In 1981, after China’s post-Mao government posthumously restored the reputations of Mr. Fou’s parents, a volume of letters written by his father, primarily to Mr. Fou, was published in China. Full of advice, encouragement, life teachings and stern paternal love, the book, “Fu Lei’s Family Letters,” became an instant best seller in China.
For many, the long disquisitions on music, art and life offered a welcome contrast to the Cultural Revolution years, which saw sons turn against fathers, students against teachers and neighbors against neighbors — all in the name of politics.
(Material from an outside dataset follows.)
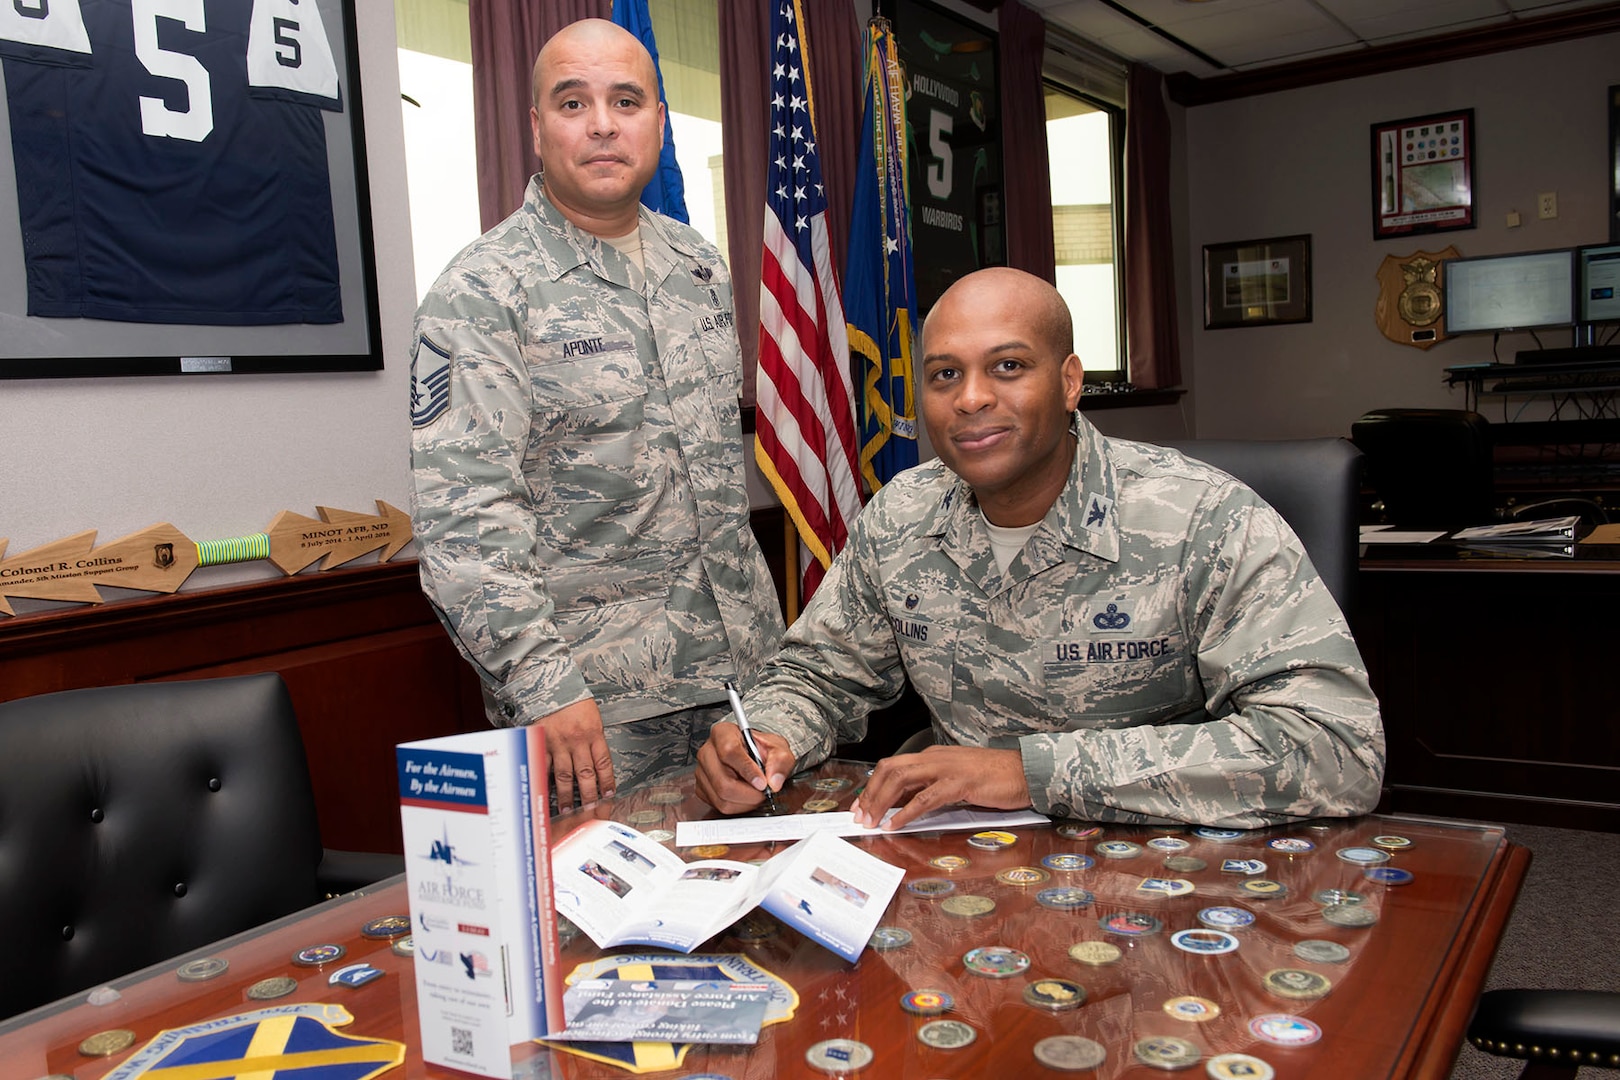 Col. Roy Collins, 37th Training Wing commander (seated) signs a contribution slip for the Air Force Assistance Fund as Master Sgt. Joseph Aponte, 323rd Training Squadron military training instructor and project officer for the 37th TRW AFAF campaign, looks on April 10, at Joint Base San Antonio-Lackland. The AFAF campaign is comprised of four charities, Air Force Villages Inc., Air Force Aid Society Inc., Air Force Enlisted Village Inc. and the General and Mrs. Curtis E. LeMay Foundation, which solely assists active duty, reserve and retired Airmen and their families. The various charities provide low to no-cost retirement homes for Airmen and family members, emergency funds and travel arrangements, scholarships, grants and more. (U.S. Air Force photo by Staff Sgt. Marissa Garner)

“If you imagine the environment we grew up with, it was very rigid,” said Xibai Xu, a political analyst who first read the letters in middle school in Beijing. He added, “So when you read ‘Fu Lei’s Family Letters,’ you realized how a decent human life could be — a life that is very delicate and artistic, with real human emotions and not just ideology.”
Besides influencing a generation of Chinese, Mr. Fu’s words resonated long after his death with the person for whom they were originally intended.
“My father had a saying that ‘First you must be a person, then an artist, and then a musician, and only then can you be a pianist,’” Mr. Fou once recalled in an interview. “Even now, I believe in this order — that it should be this way and that I am this way.”